Oxybutynin transdermal patches are used to treat an overactive bladder (a condition in which the bladder muscles contract uncontrollably and cause frequent urination, urgent need to urinate, and inability to control urination). Oxybutynin is in a class of medications called anticholinergics. It works by relaxing the bladder muscles to prevent urgent, frequent, or uncontrolled urination.
Transdermal oxybutynin comes as a patch to apply to the skin. It is usually applied twice each week (every 3-4 days). You should apply transdermal oxybutynin on the same 2 days of the week every week. To help you remember to apply your patches on the right days, you should mark the calendar on the back of your package of medication. Follow the directions on your prescription label carefully, and ask your doctor or pharmacist to explain any part you do not understand. Use transdermal oxybutynin exactly as directed.
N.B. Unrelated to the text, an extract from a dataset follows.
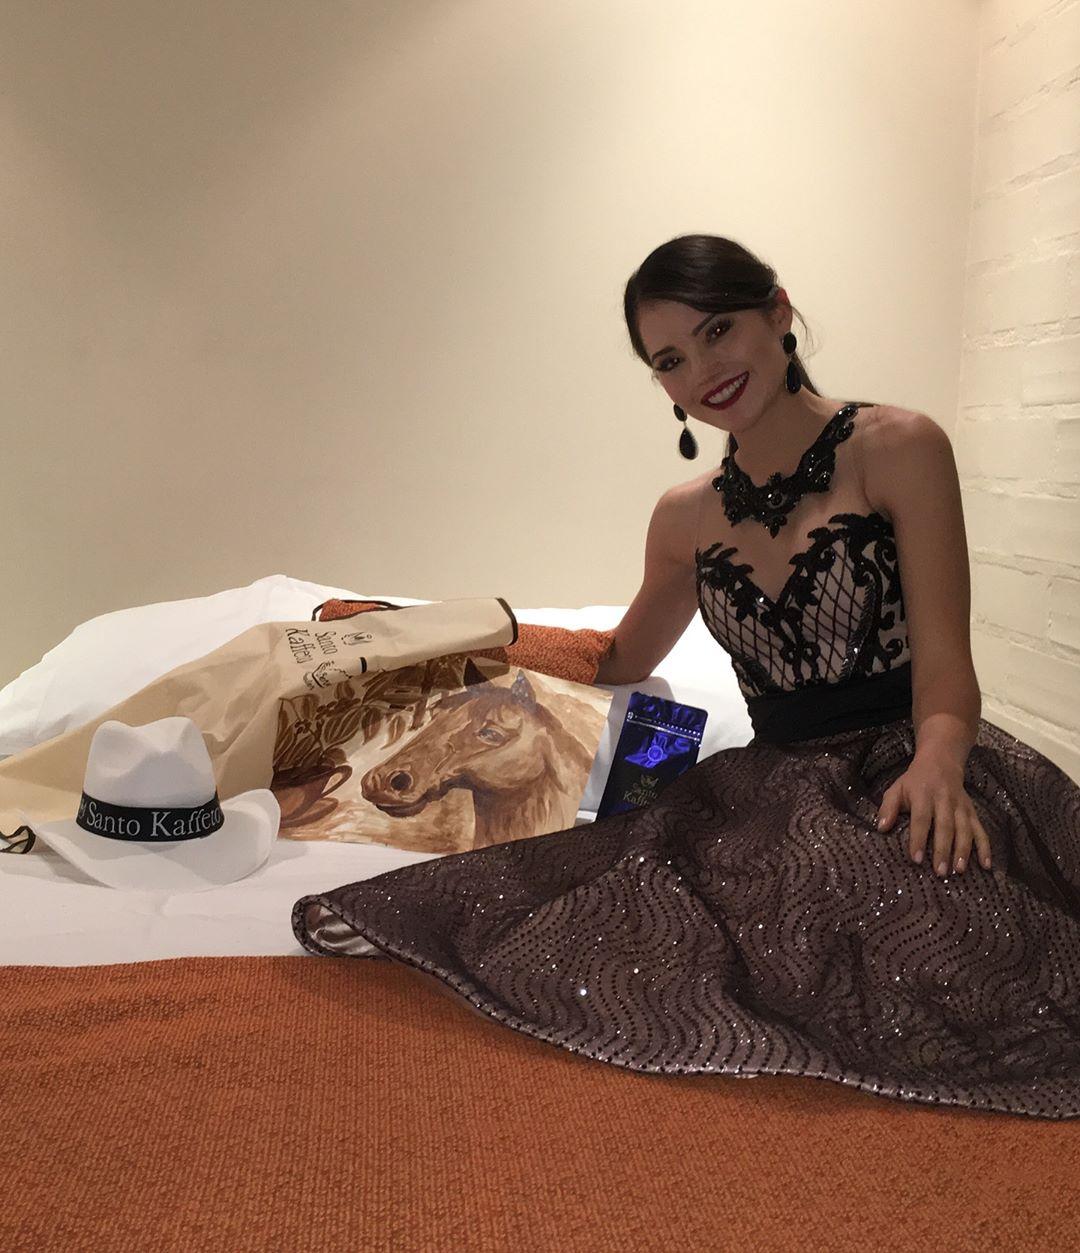 maria sofia contreras trujillo, segunda finalista de reynado internacional cafe 2019. - Página 5 49907010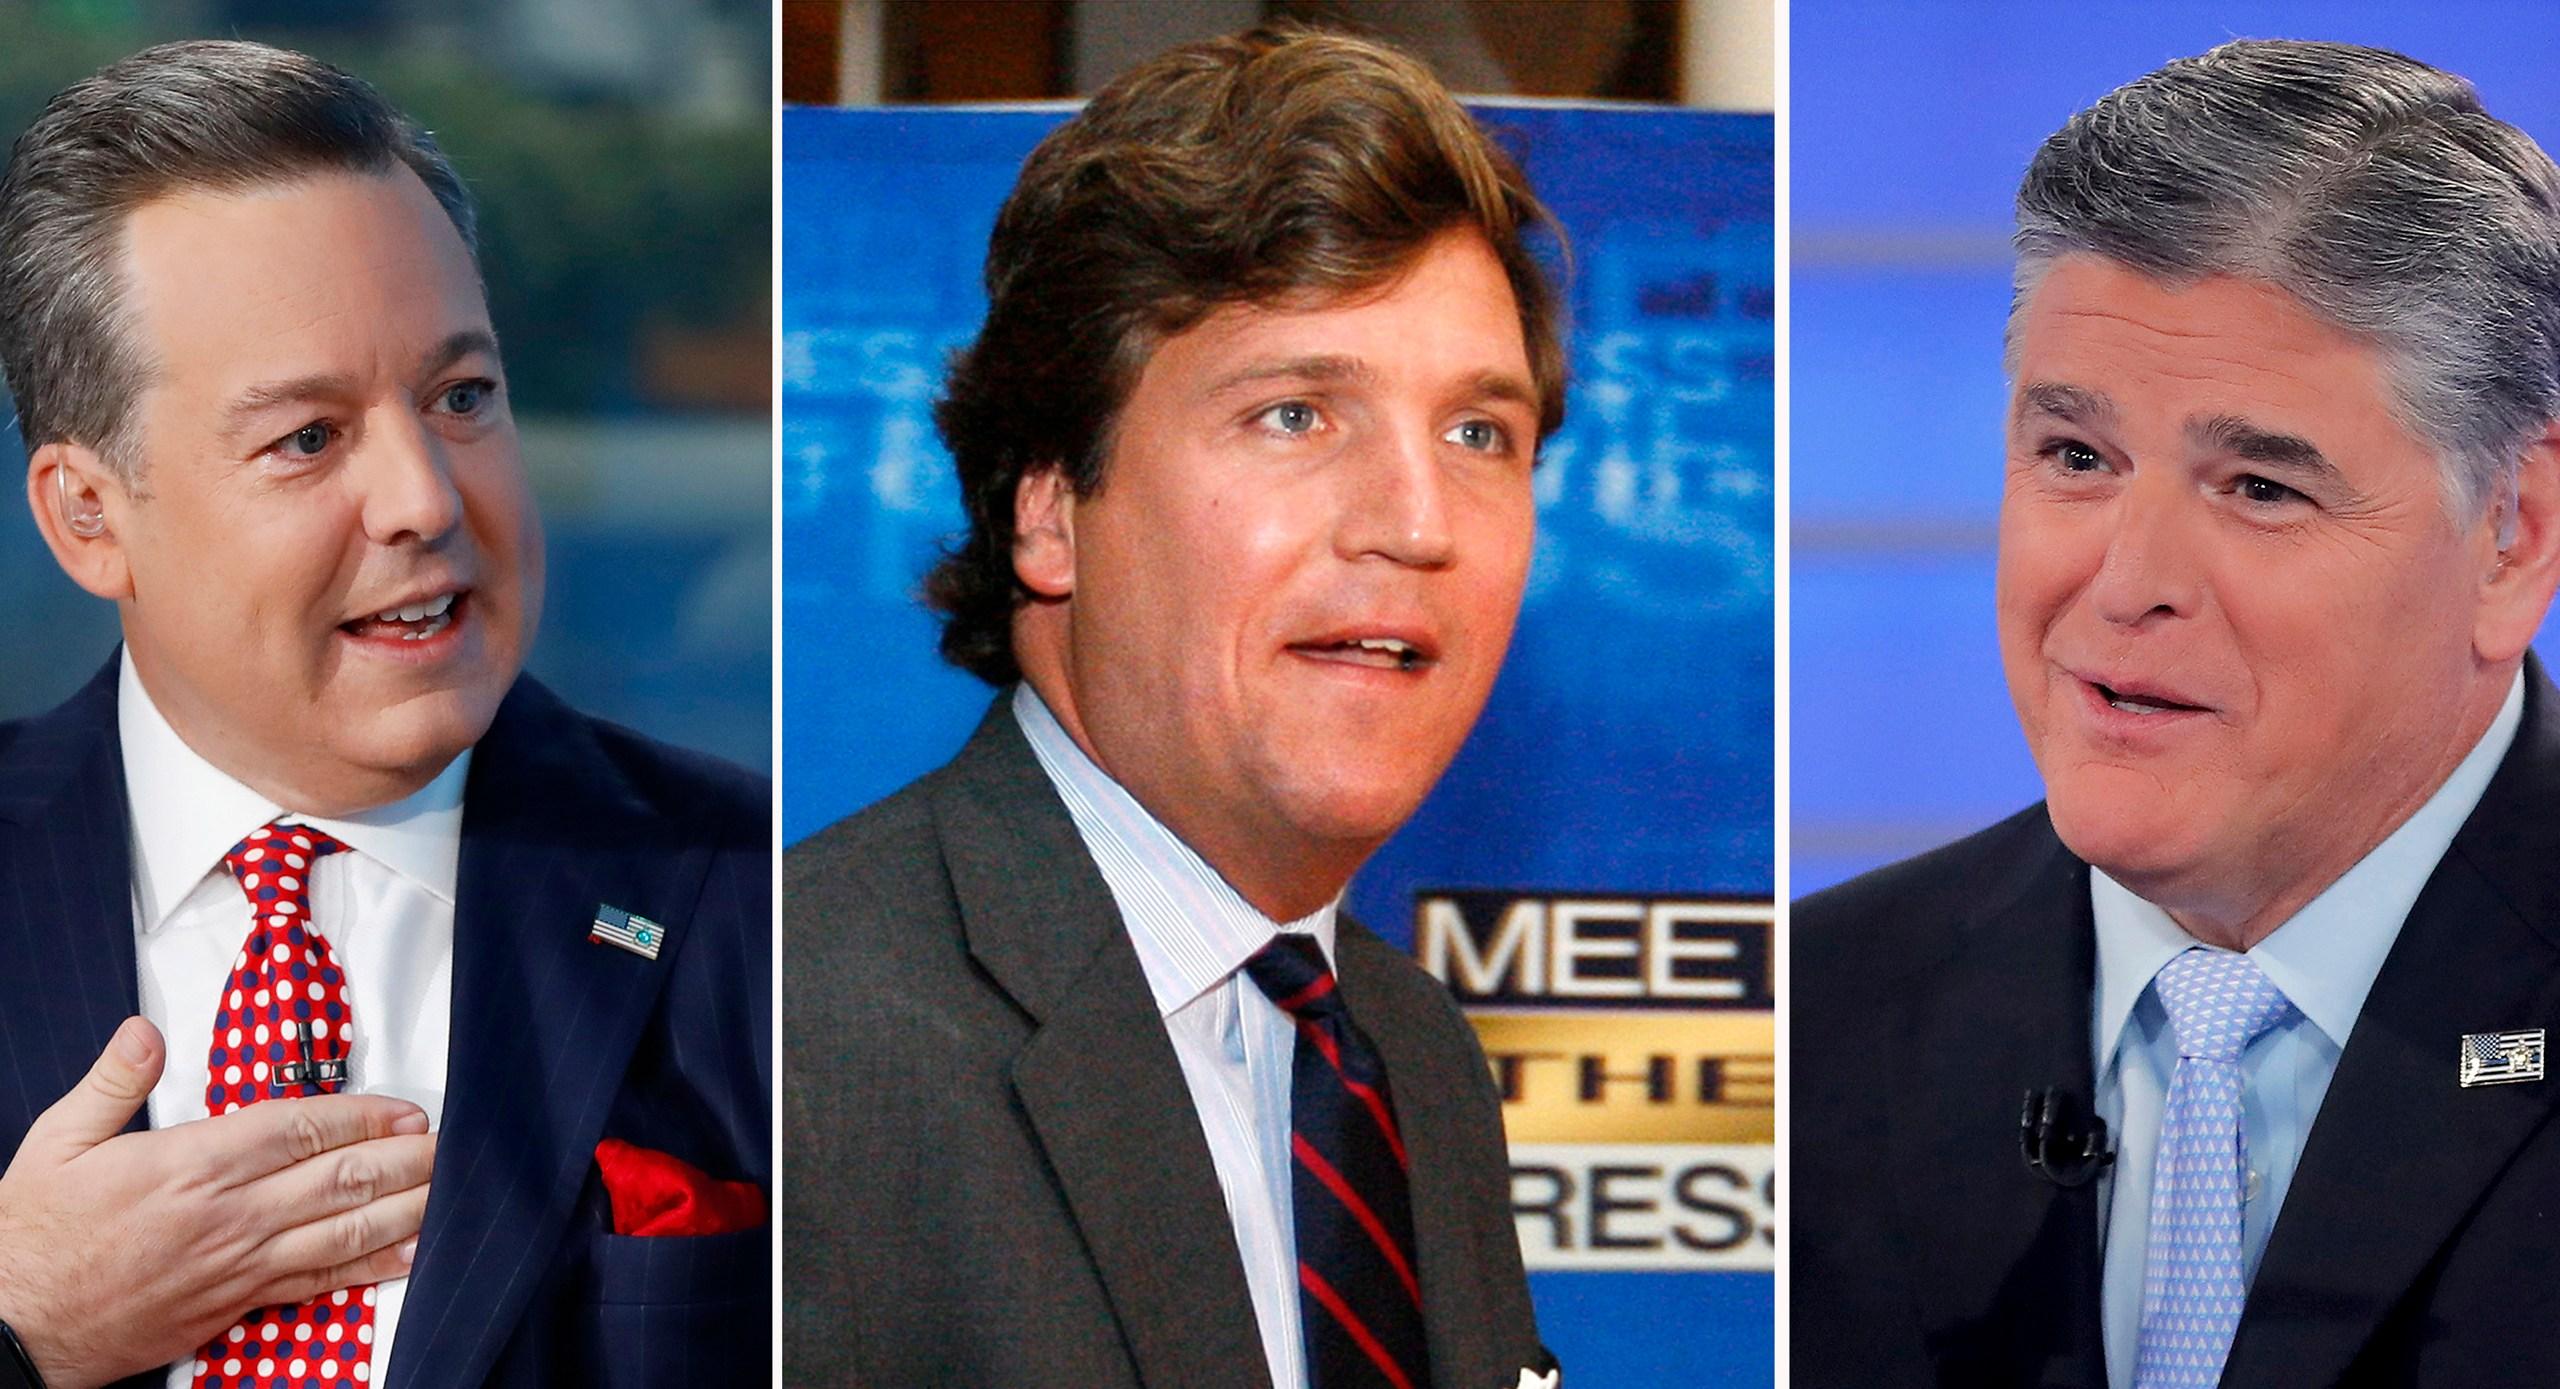 Ed Henry, Steve Doocy, Ainsley Earhardt, Brian Kilmeade, Tucker Carlson, Sean Hannity

Do not apply the patches more often than prescribed by your doctor.
You can apply oxybutynin patches anywhere on your stomach, hips, or buttocks except the area around your waistline. Choose an area where you think the patch will be comfortable for you, where it will not be rubbed by tight clothing, and where it will be protected from sunlight by clothing. After you apply a patch to a particular area, wait at least 1 week before applying another patch in that spot. Do not apply patches to skin that has wrinkles or folds; that you have recently treated with any lotion, oil, or powder; or that is oily, cut, scraped, or irritated. Before applying a patch, be sure the skin is clean and dry.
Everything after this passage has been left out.